2. Operate in a single online domain name
With one domain, it’s easier to track your customers authenticated and persistent IDs across their website experience, with unified first-party data management and availability. As your customers are logged in, you can recognize them, without duplication, across web and mobile to see their connected journey. You gain a holistic view of your customers as they interact with your brand, as well as a deeper understanding of potential cross-sell/up-sell opportunities that would have been obscured in a siloed, multi-domain environment.
Larger organizations tend to build multi-domains — based on geography or business diversity, for example — which create complexity, particularly when marketers can no longer use cookies to track activity across websites. Enabling the use of a durable ID to be used across these multiple domains and loading it from a website to another website is one of a few solutions that address how data can be collected in a cookie-less world. Data collection can also be used on the back end to help solve for this multi-domain use case and ID customers.
3. Capture people-based durable identifiers
People-based durable identifiers are like authenticated IDs, but they link marketers and advertisers, while addressing privacy concerns. Durable identifiers exist at the level of the individual — such as email address, phone numbers or even something new that will eventually be developed — to efficiently target them across platforms and reach audiences more effectively.

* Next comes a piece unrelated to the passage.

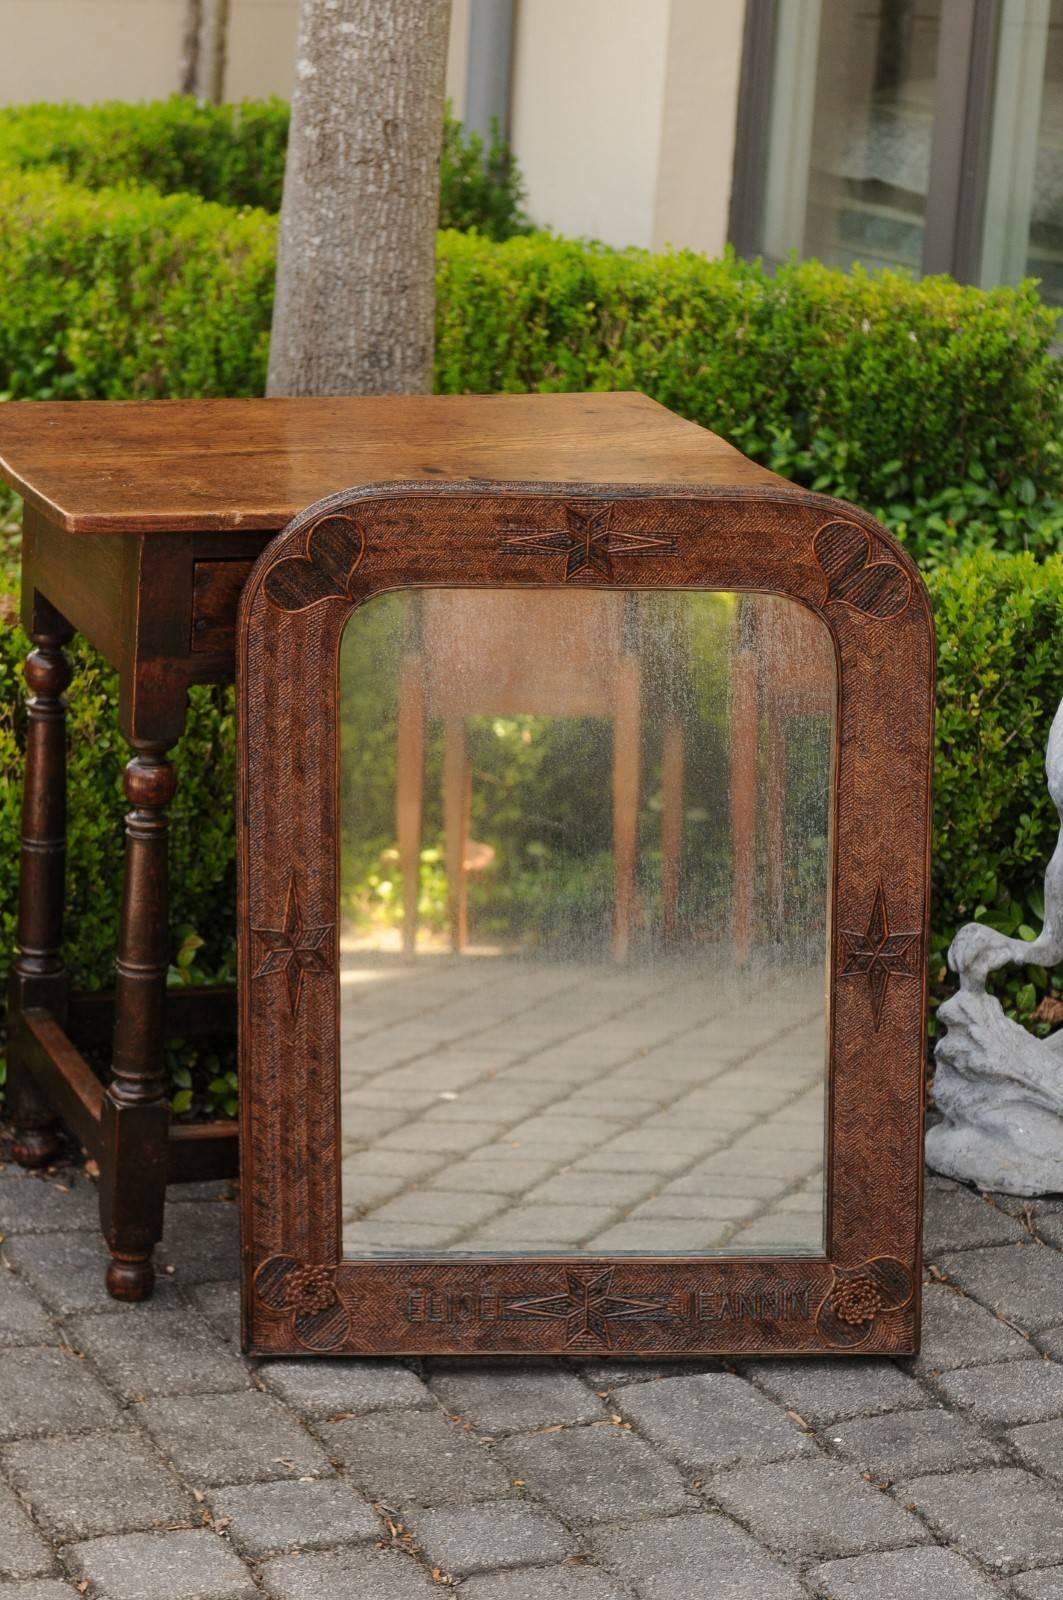 A French Folk Art mirror from the early 20th century, with heart and star motifs. This French Folk Art mirror features an elegant Louis-Philippe inspired Silhouette, recognizable by its linear frame topped with rounded corners. While Louis-Philippe

For example, hashed emails allow you to access valuable data on your customers and their online habits where they leverage the same email. This type of email has its own unique hexadecimal string that remains consistent across the web, tracing a customer’s logged-in activity across devices.
People-based identifiers are necessary for continuing to enrich consumer data from second and third parties, with different data sets linked together by neutral parties. Direct relationships with publishers and partners will become increasingly important to reach prospects, as the next steps show.

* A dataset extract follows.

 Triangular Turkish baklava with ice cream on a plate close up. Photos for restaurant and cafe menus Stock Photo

4. Develop second-party partnerships
Second-party data is another company’s first-party data that is shared with a partner, through a mutual/contractual agreement, either by dropping a container on the partner’s website or by exchanging files.
Such partnerships are particularly useful among companies with businesses that overlap in some way or have similar customer bases — for example, in how credit card companies and airlines can collaborate on branded cards with frequent flyer miles. Transparency with consumers is a must: they should be asked to affirm that this sharing is acceptable.
5. Use contextual and publisher targeting
In contextual targeting (a traditional tactic for marketers), an advertisement is placed beside relevant content — for instance, a hotel in Hawaii buying an ad to load in articles that are about traveling to Hawaii. This is similar to targeting with keywords through search engine marketing, rather than targeting consumers by their browsing history.
Separately, in publisher targeting, a business reaches out to a certain publisher to leverage their audience data (rather than through a demand-side platform), such as when a restaurant buys an online ad directly from the local newspaper, specifying readers within a certain city or area.
6. Follow privacy regulations
First-party private identifiable information, such as names and phone numbers, requires careful governance to manage data in accordance with local, regional and international regulations that continue to grow stricter. Such regulations cover what data can be captured and how, as well as how it is stored, shared and handled.
The process of managing customer data across marketing and advertising tech can be daunting and manual for companies that haven’t adequately prepared. Streamlined and integrated back-end systems are therefore a must, with the ability to label data for policy enforcement to restrict activation and reduce risk.
7. Enable a better platform for consumer control of their data
To comply with privacy laws, managing consumer consent in a centralized location is pivotal, especially as most privacy regulations cover data access requests and the right to be forgotten, which add complexity. Audiences are also becoming increasingly cognizant of privacy protections while still expecting a personalized experience.
When a consent management platform is integrated into your operations, customers’ data access requests about how their personal data is being collected and used, and by whom, can be automated to help ensure compliance. Without this setup, collating and distributing consent and preferences from various sources are challenges that expose you to risk.
Outside agencies obviously still have a role to play as the landscape shifts. But organizations that work with them should ensure that they own the data from the advertising/marketing campaigns, which is not always the case. Transparency remains crucial, especially if the data is being used by others for third-party targeting.
Some marketers no doubt feel trepidation about leaving cookies behind and entering a world with greater privacy regulatory risk. But when approached thoughtfully, this risk can be mitigated — and the opportunities for more effective data-driven marketing can be maximized.